Using the model to make predictions on new data#

# Create a new data sample
new_sample = [[-122, 38, 49, 3700, 575, 1200, 543, 5.2, "NEAR BAY"]]

# Put it into a DataFrame so that it can be preprocessed
df_new_sample = pd.DataFrame(new_sample)
df_new_sample.columns = df_x_train.columns
df_new_sample.head()
longitude latitude housing_median_age total_rooms total_bedrooms population households median_income ocean_proximity
0 -122 38 49 3700 575 1200 543 5.2 NEAR BAY
# Apply preprocessing operations to new sample
# Calling transform() and not fit_transform() uses preprocessing values computed on training set
x_new = full_pipeline.transform(df_new_sample)

# Use trained model to predict median housing price
y_new = final_model.predict(x_new)
print(f"Predicted median price: {y_new[0]:.02f}")
Predicted median price: 276357.40

Step 5: deploy to production and maintain the system#

Step 5.1: save the final model and data pipeline#

A trained model can be saved to several formats. A standard common is to use Python’s built-in persistence model, pickle, through the joblib library for efficiency reasons.

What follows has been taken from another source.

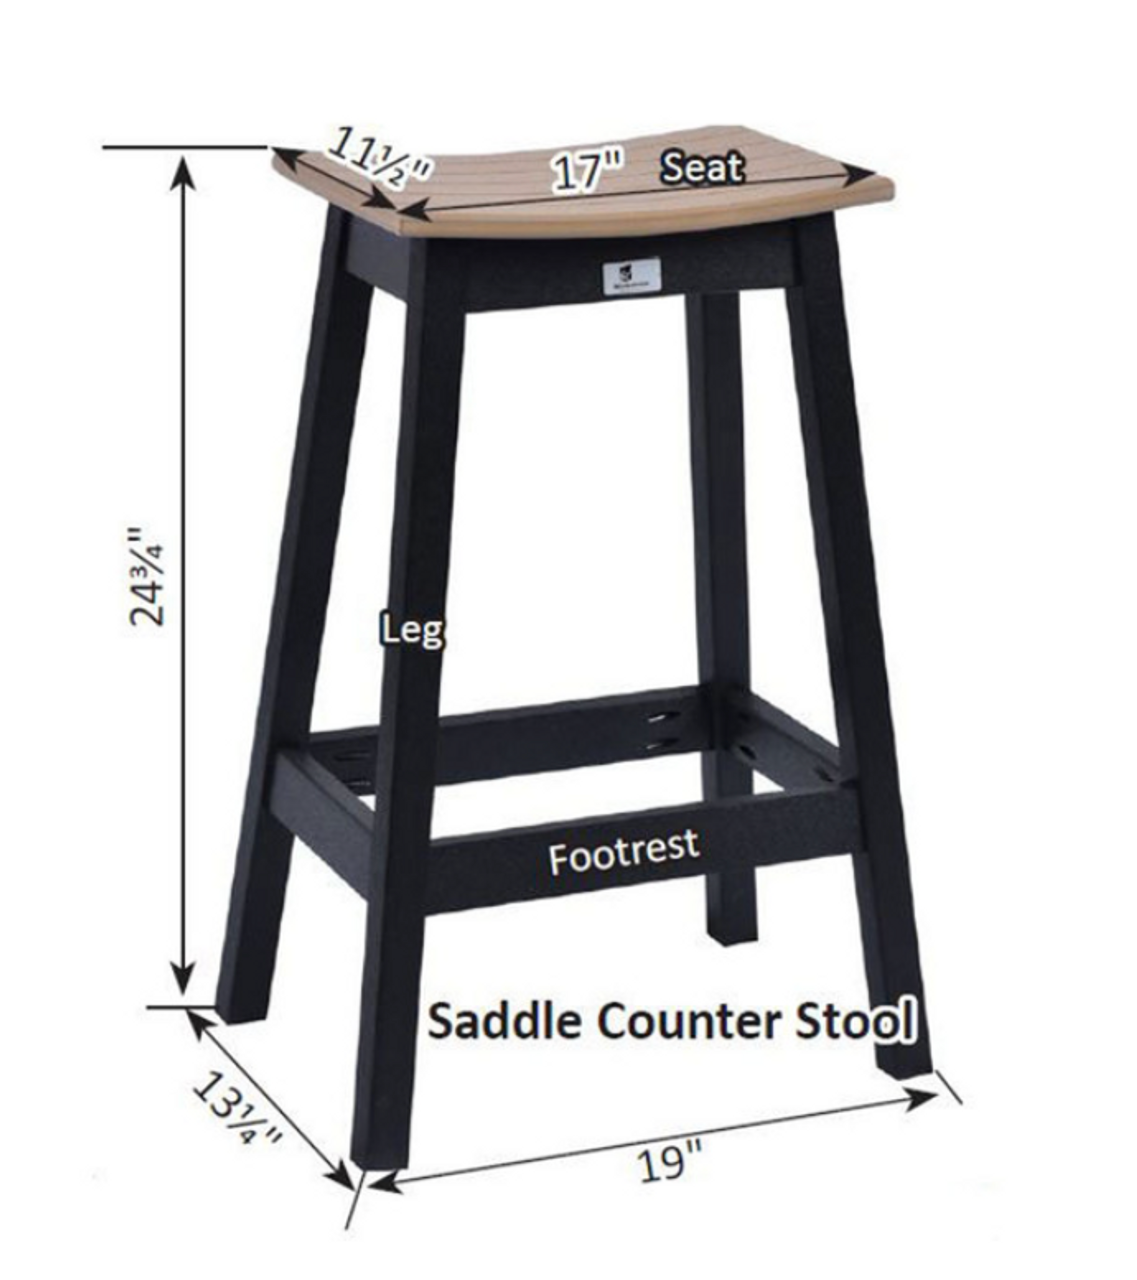 Saddle Stool dimensions

# Serialize final model and input pipeline to disk
joblib.dump(final_model, "final_model.pkl")
joblib.dump(full_pipeline, "full_pipeline.pkl")

# (Later in the process)
# model = joblib.load("final_model.pkl")
# pipeline = joblib.load("full_pipeline.pkl")
# ...
['full_pipeline.pkl']

Step 5.2: deploy the model#

This step is highly context-dependent. A deployed model is often a part of a more important system. Some common solutions:

  • deploying the model as a web service accessible through an API.

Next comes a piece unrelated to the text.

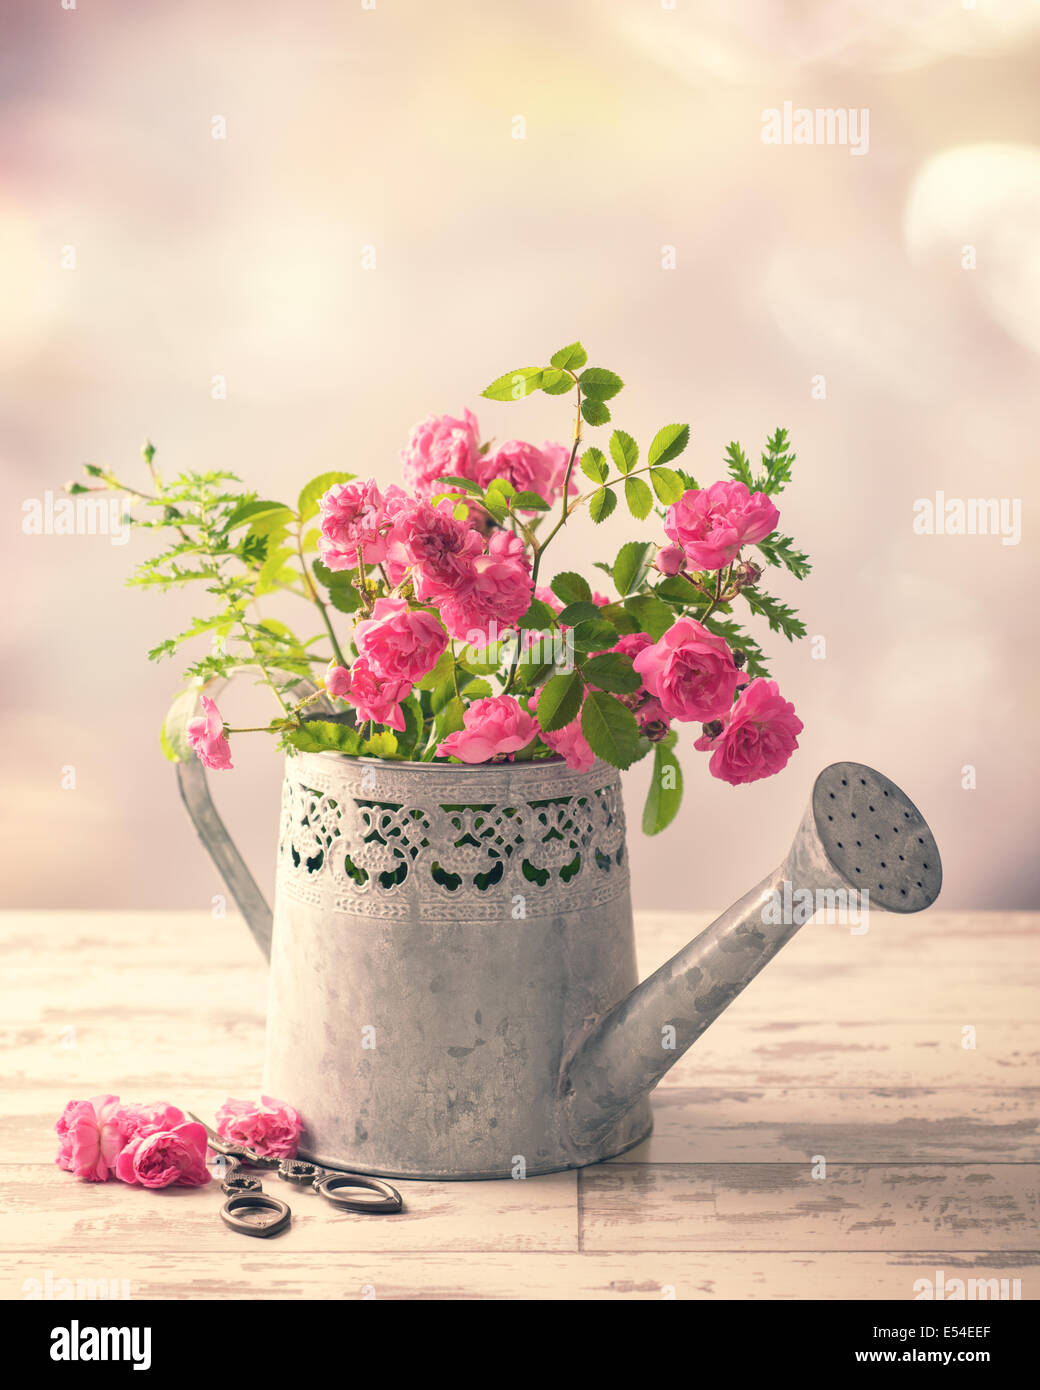 Regadera para flores fotografías e imágenes de alta resolución - Alamy

  • embedding the model into the user device.

The Flask web framework is often used to create a web API from a trained Python model.

Model deployement on the web

Step 5.3: monitor and maintain the system#

In order to guarantee an optimal quality of service, the deployed system must be carefully monitored. This may involve:

  • Checking the system’s live availability and performance at regular intervals.

  • Sampling the system’s predictions and evaluating them.

  • Checking input data quality.

  • Retraining the model on fresh data.